Exercise:
First find the line with "Custommade Hania Shirt White", then reproduce it and all following lines of the data to the end, exactly and with no pictures, adding nothing.
-------- The data
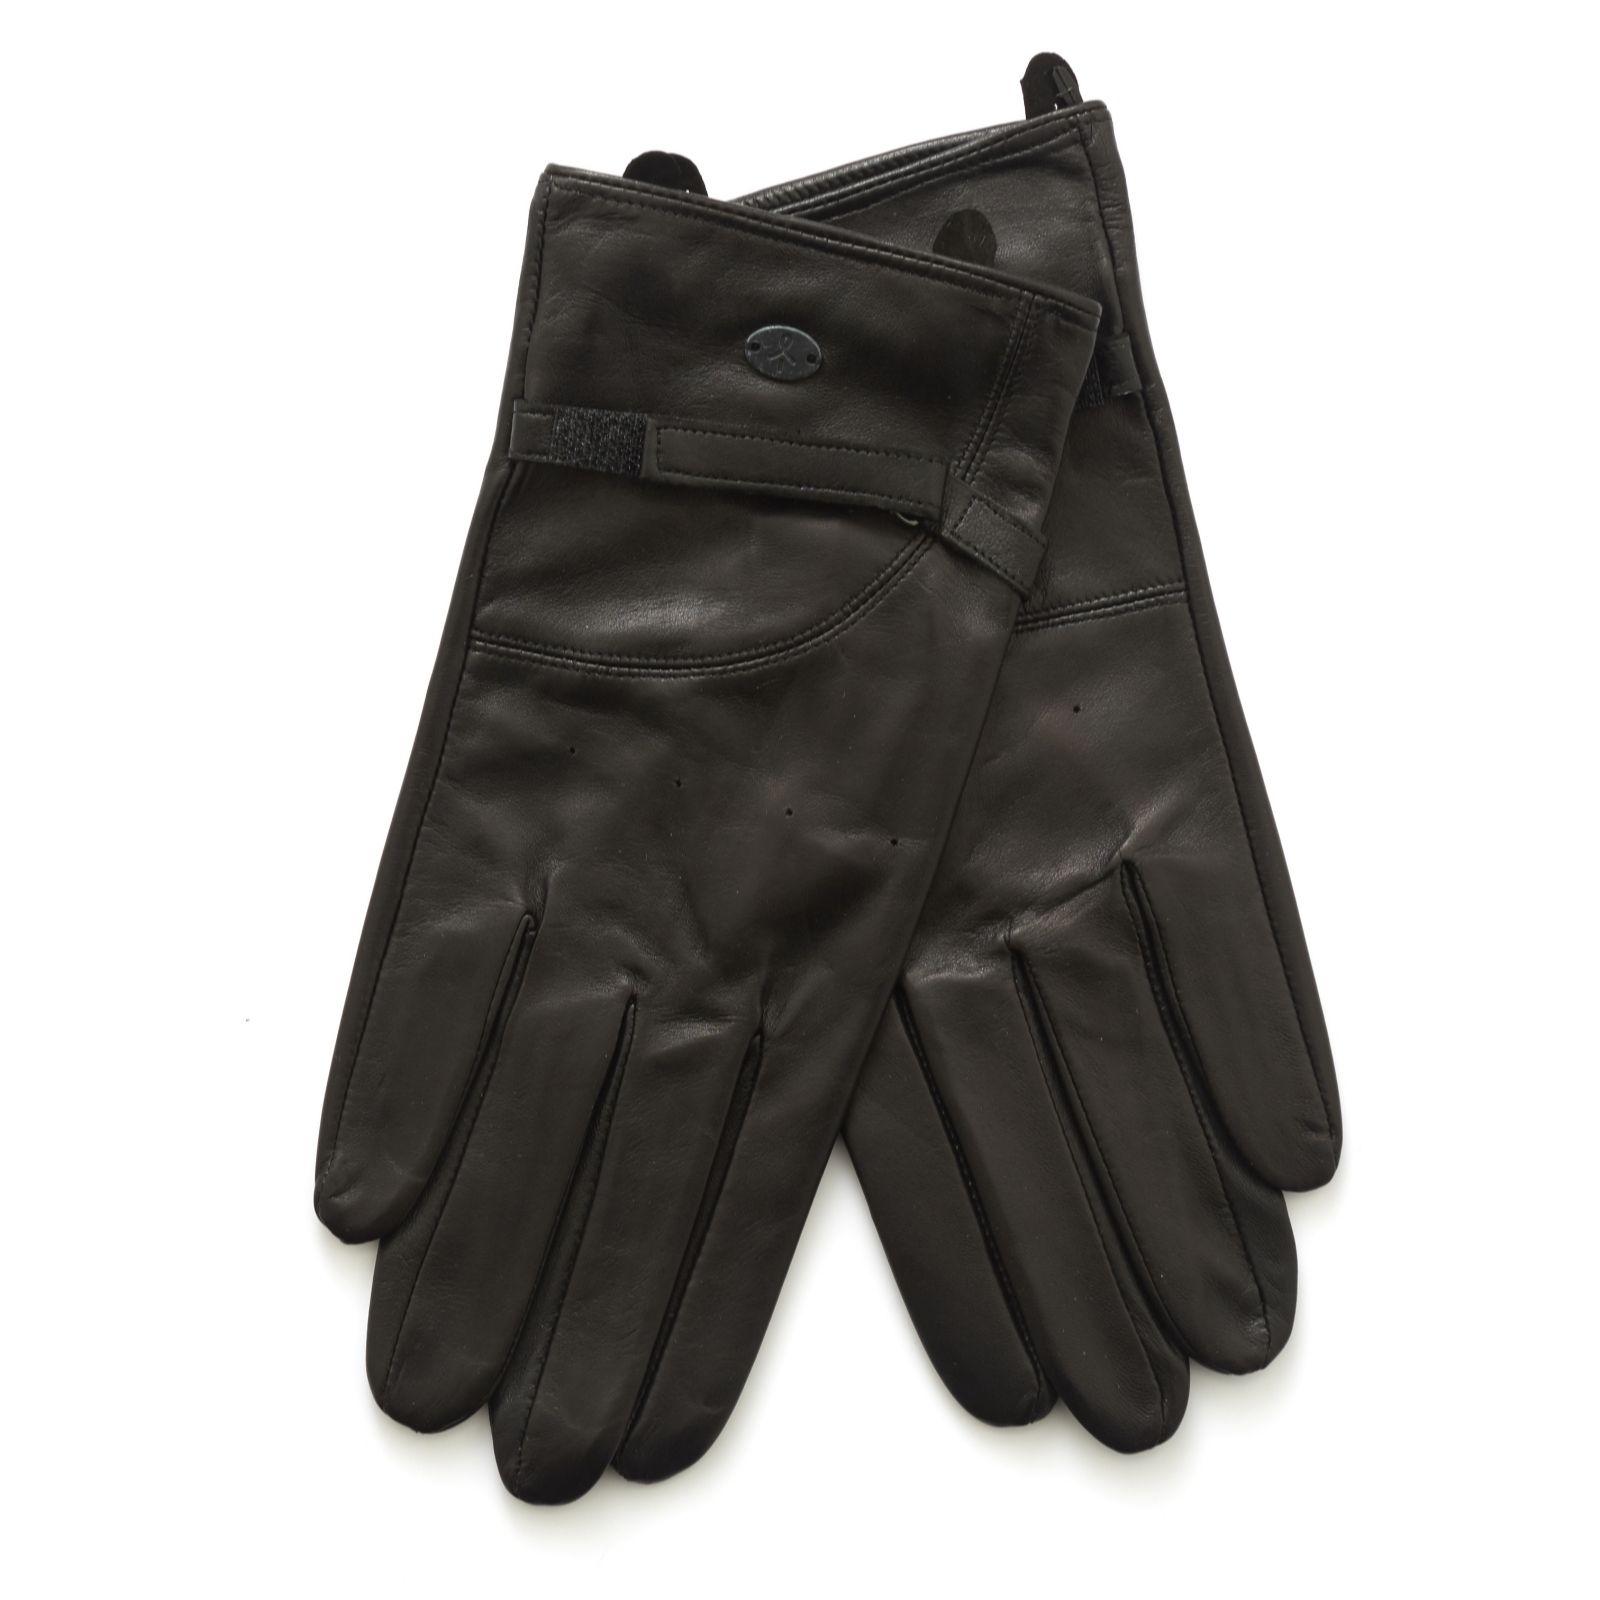 2a877efa04d71 Emu Ginrock Leather Gloves - QVC UK
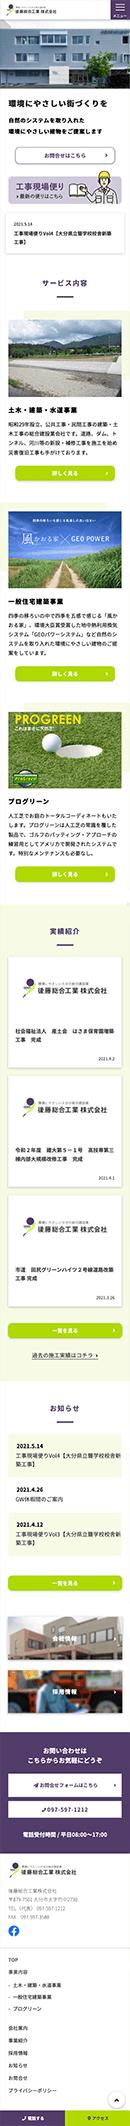 Webマーケティング_制作実績_後藤総合工業 株式会社_3
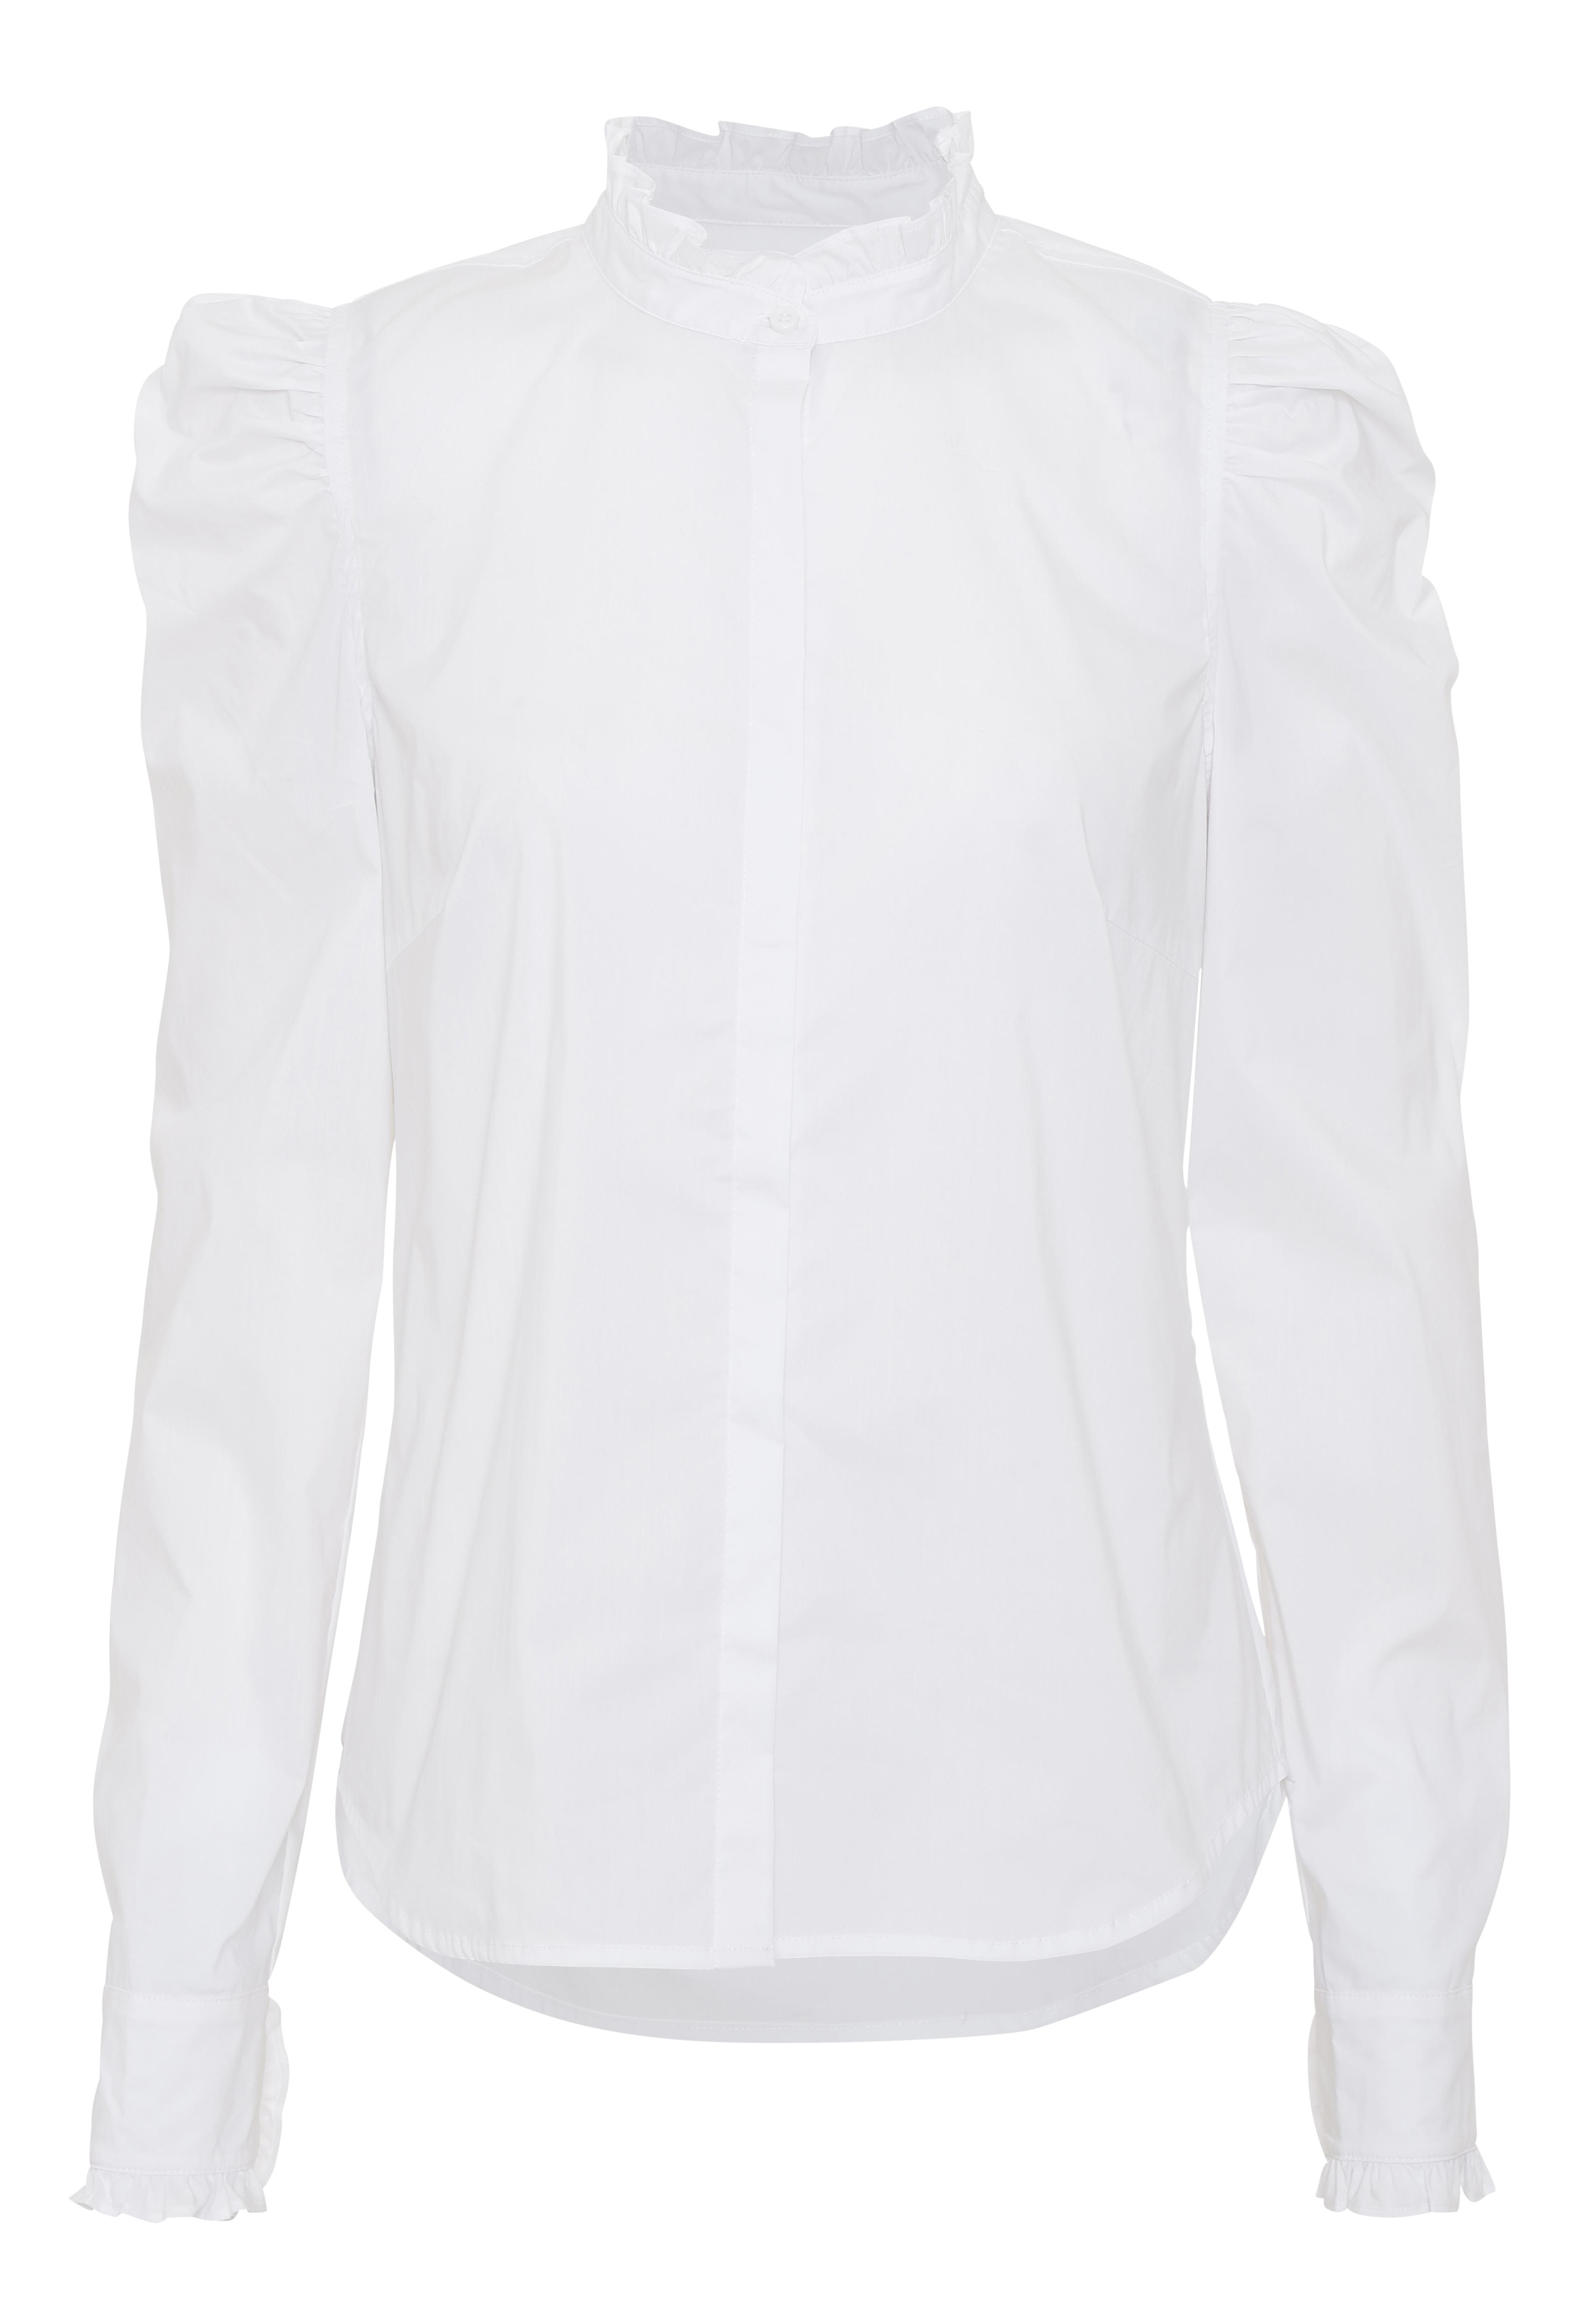 Custommade Hania Shirt White
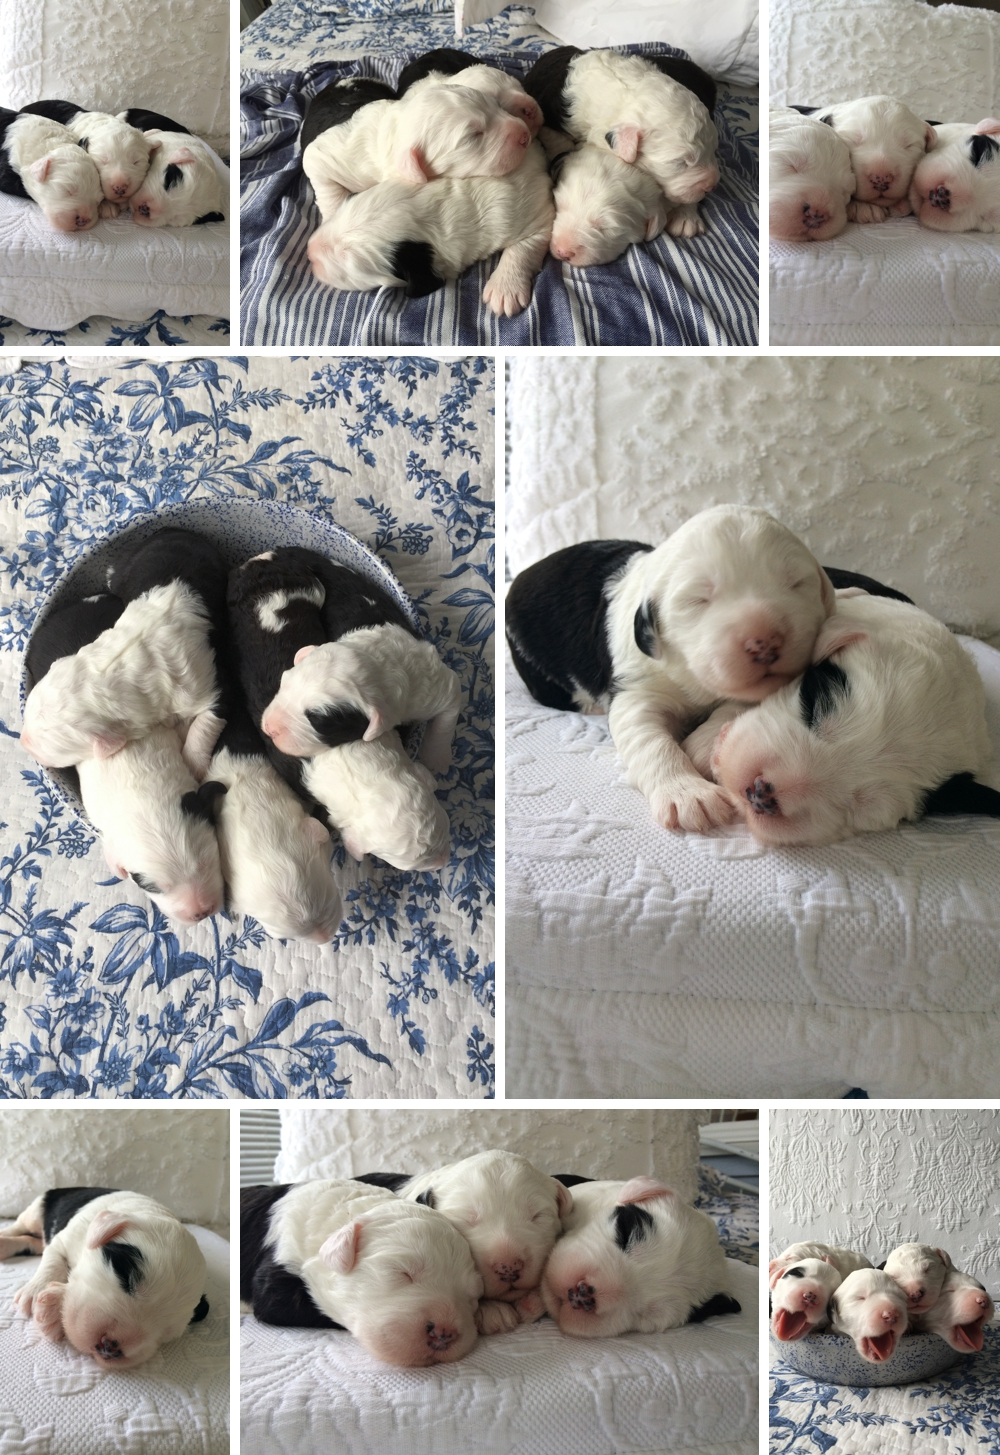 old english sheepdog puppies, SnowDowne OES, oes puppies, portland oregon breeders
----------------
Answer to this problem:
 Custommade Hania Shirt White
 old english sheepdog puppies, SnowDowne OES, oes puppies, portland oregon breeders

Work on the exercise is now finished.